We have a 3-year goal of reaching 1,000 monthly contributors as a way to mature new stages, add customer-desired features that aren’t on our roadmap, and even translate our product into multiple languages. To build towards that goal, in FY23, we’re enhancing our Contributor Education to help support high-quality contributions that align with our approach to product development. We’re also improving our response time for contributions and providing timely feedback for a better contributor experience. Lastly, we’re focused on a step-change increase of contributors by creating a Leading Organizations program tailored for full-time contributors.
Diverse teams perform better. They provide a sense of belonging that leads to higher levels of trust, better decision making, and a larger talent pool. They also focus more on facts, process facts more carefully, and are more innovative. By hiring globally and increasing the numbers of women and ethnic minorities in the Engineering division, we’re helping everyone bring their best selves to work.
Hiring is still a top priority in FY23, and we're excited to continue hiring people who are passionate about our product and have the skills to make it the best DevSecOps tool in the market. Our current focus areas include reducing the amount of time between offer and start dates and hiring a diverse team (see above). We're also implementing industry-standard approaches like structured, behavioral, and situational interviewing to help ensure a consistent interview process that helps to identify the best candidate for every role. We’re excited to have a recruiting org to partner with as we balance the time that managers spend recruiting against the time they spend investing in their current team members.
As expected, a large part of our focus in FY23 is on improving our product. Following are some large projects to note.
For Enterprise customers, we’re refining our product to meet the levels of security and reliability that customers rightfully demand from SaaS platforms (SaaS Reliability). We’re also providing more robust utilization metrics to help them discover features relevant to their own DevOps transformations (Usage Reporting) and offering the ability to purchase and manage licenses without spending time contacting Sales or Support (E-Commerce and Cloud Licensing). Lastly, in response to Enterprise customer requests, we're adding features to support Suggested Reviewers, better portfolio management through Work Items, and Audit Events that provide additional visibility into user passive actions.
For Free Users, we’re becoming more efficient with our open core offering, so that we can continue to support and give back to students, startups, educational institutions, open source projects, GitLab contributors, and nonprofits (SaaS Free User Efficiency).
For Federal Agencies, we’re obtaining FedRAMP certification to strengthen confidence in the security standards required on our SaaS offering. This is a mandated prerequisite for United States federal agencies to use our product.
For Hosted Customers, we're supporting feature parity between Self-Managed and GitLab Hosted environments through the Workspace initiative.
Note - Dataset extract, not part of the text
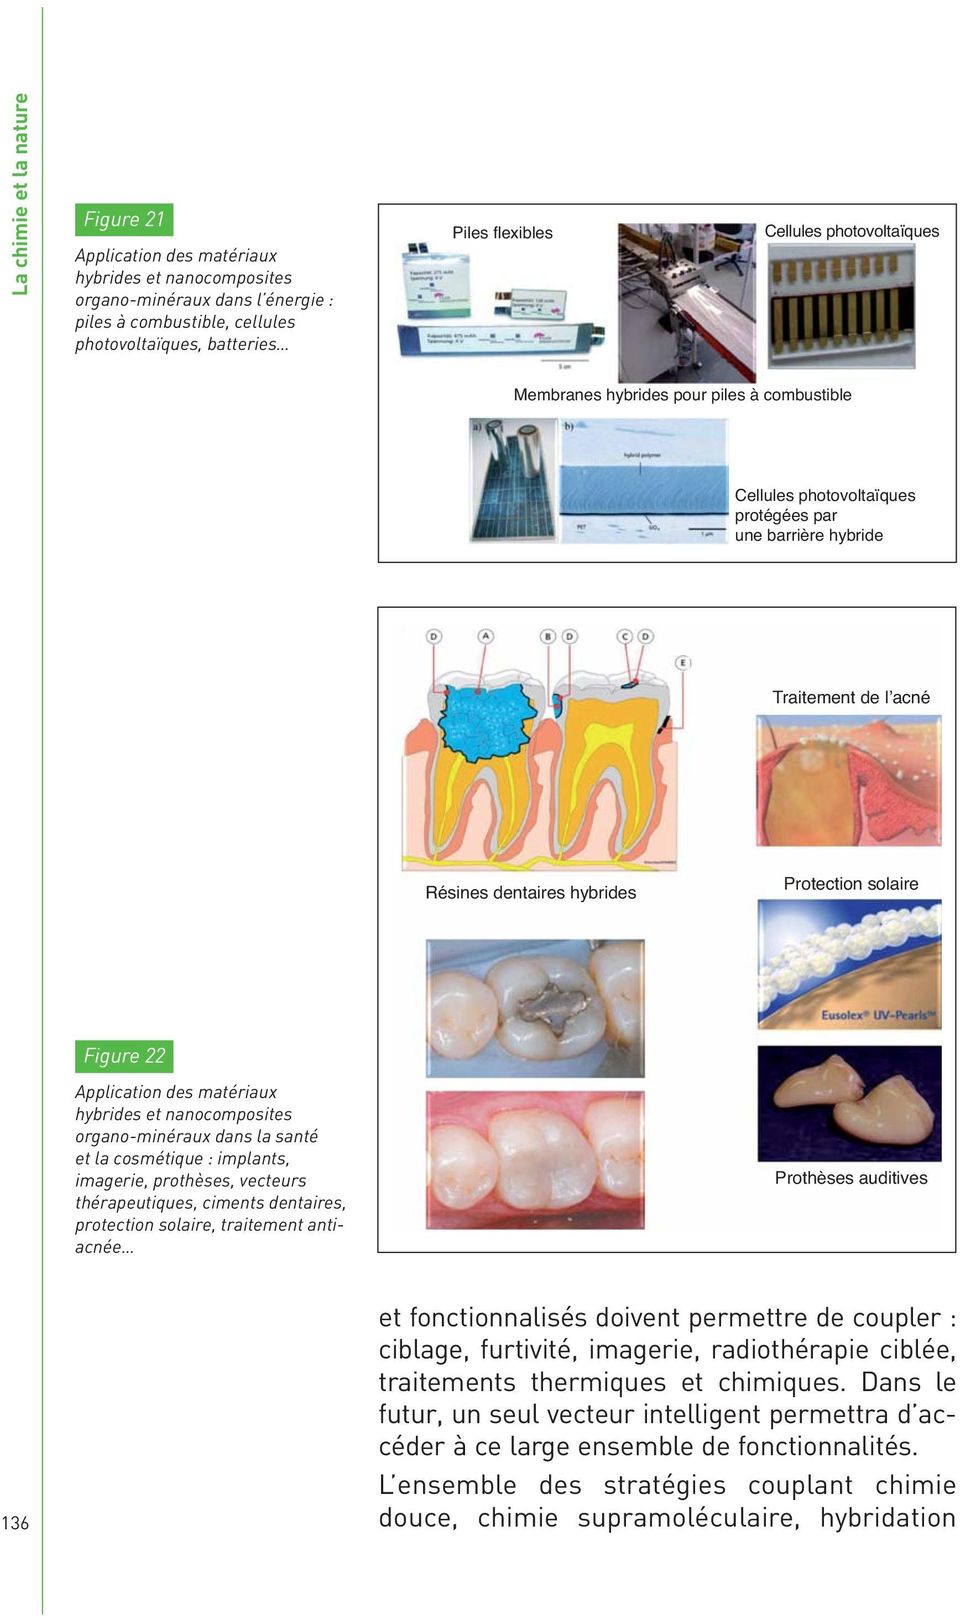 Figure 22 Application des matériaux hybrides et nanocomposites organo-minéraux dans la santé et la cosmétique : implants, imagerie, prothèses, vecteurs thérapeutiques, ciments dentaires, protection

We're also launching GitLab Dedicated for customers who want the flexibility of cloud with the security and performance of a single-tenant environment.
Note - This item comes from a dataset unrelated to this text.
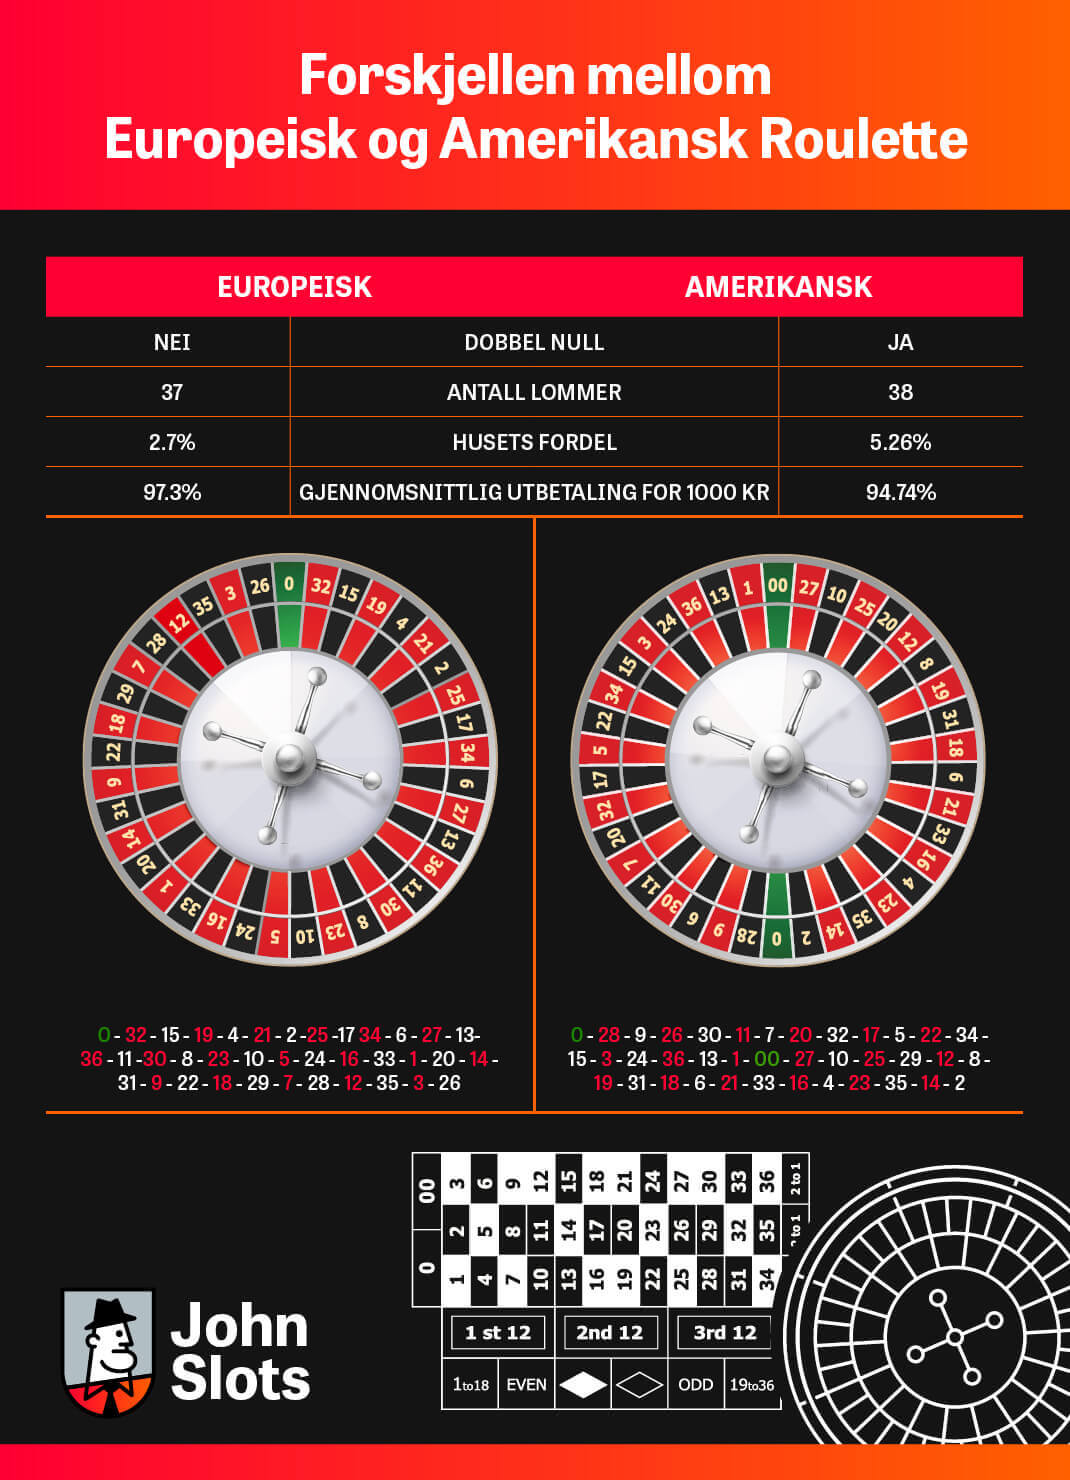 Forskjellen mellom Europeisk roulette og amerikansk roulette

For customers using CI/CD, we're expanding the available types of Runners to include macOS, Linux/Docker, and Windows, and we're autoscaling build agents.
In alphabetical order:
GitLab Engineering values clear, concise, transparent, asynchronous, and frequent communication. Here are our most important modes of communication:
As part of a fully-distributed organization such as GitLab, it is important to stay informed about engineering-led initiatives. We employ multimodal communication, which describes the minimum set of communication channels we'll broadcast to.
For the Engineering department, any important initiative will be announced in:
If you frequently check any of these channels, you can consider yourself informed. It is up to the person sharing to ensure that the same message is shared across all channels. Ideally, this message should be a one sentence summary with a link to an issue to allow for a single source of truth for any feedback.
The #engineering-fyi is used for large scale announcements and to drive views of the engineering week in review document. Everyone can contribute an announcement as long as the following criteria are met:
The posting model here is one of trusting judgement of the individual making the announcement. You do not need to ask for permission to post.
There are seven departments within the Engineering Division:
While we have moved to the cross-functional prioritization process to empower teams to determine the optimal balance of all types of issues, we will keep Engineering Allocations as a way to allow teams to quickly shift to a critical priority, designating the EM as the DRI to drive the effort.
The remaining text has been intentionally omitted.